The designer hand bags, clothes and high heels along with freshly manicured nails were all augmenting the exuberance of the atmosphere.

This was all starkly different to the kids' birthday parties I had attended abroad where even the wealthiest of parents would usually be dressed up in casual clothes and thongs ready to spend the day in the play pen with the kids.

While a few mothers boasted about having found the most perfect maid, most of them seemed quite annoyed with the 'lazy bones' they had to deal with every day.  I inferred, from what I heard, that the ratio of the number of maids to the kids in a house should not be less than one and an efficient maid was one who could cater to all the needs of a child — bathing, feeding, playing, toileting with minimal input from the mothers. Feeling a little left out, I took my daughter outside to join the kids who were then busy striking the piñata.

As I stood there, I noticed the group of maids, sprightly discussing a whole heap of adolescence issues, from body image to boyfriends, oblivious of the toddlers they were carrying, who were all ears.  While I commended their fluency in Urdu and knowledge of a few interspersed words of English, most of them displayed a complete lack of basic manners.

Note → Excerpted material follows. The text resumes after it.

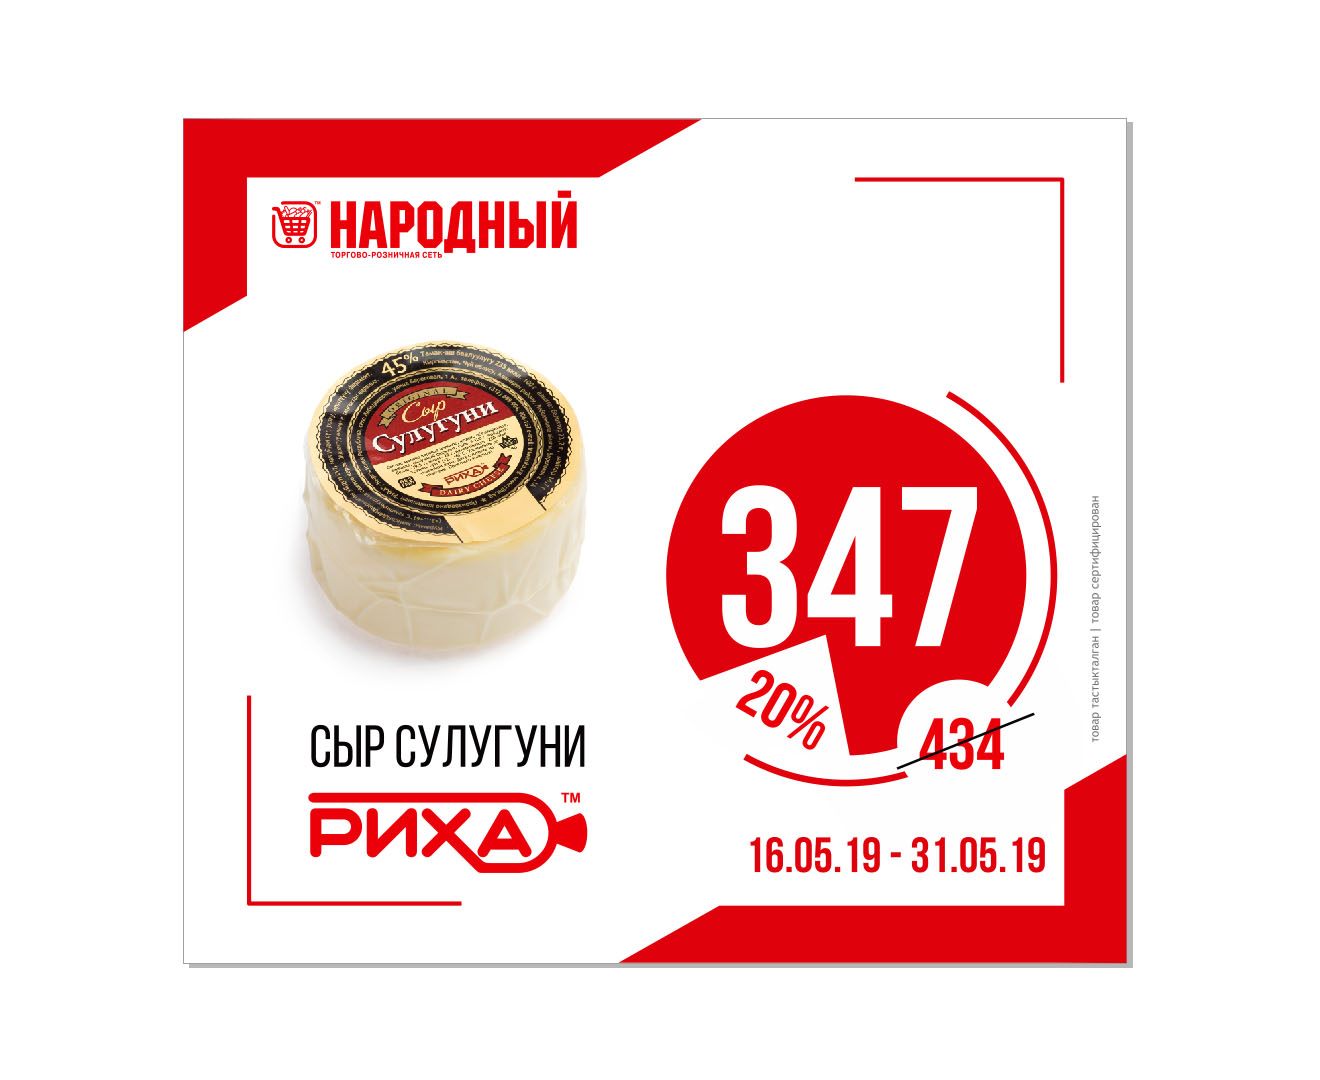 Акция от РИХА в торговой сети "Народный" с 16.05-31.05

However, to my utmost astonishment, one of them seemed familiar with the concept of 'naughty corner' although she was unable to execute it on this mischievous child who was too sure of his superiority to her and thus, completely refused to obey the command.  For the rest of the evening, I saw these girls feeding the kids, changing the diapers, rocking the babies while mums remained engrossed with discussing the likely outcome of a soap opera and the caloric count of the sumptuous food before them.

I had never come across such a form of procrastination before.

Babies are born with an innate trust for the primary care giver and the goal of early childhood is to strengthen this bond of trust through close interaction and mutual play.  The quality of this bond has a profound impact upon inter personal relationships, ability to trust, and self-esteem and stress management later in life.

Many parents who struggle to abridge the child-parent gap when faced with a rebellious adolescent are the ones who inadvertently created it during early childhood.

My train of thoughts came to a sudden halt when a child fell off the jumping castle and ran straight to his maid for comfort.  To many, it was an ordinary scene but for me, it was exhibition of an extremely unusual behaviour signifying a relative lack of trust in a mother and confusion in role identification.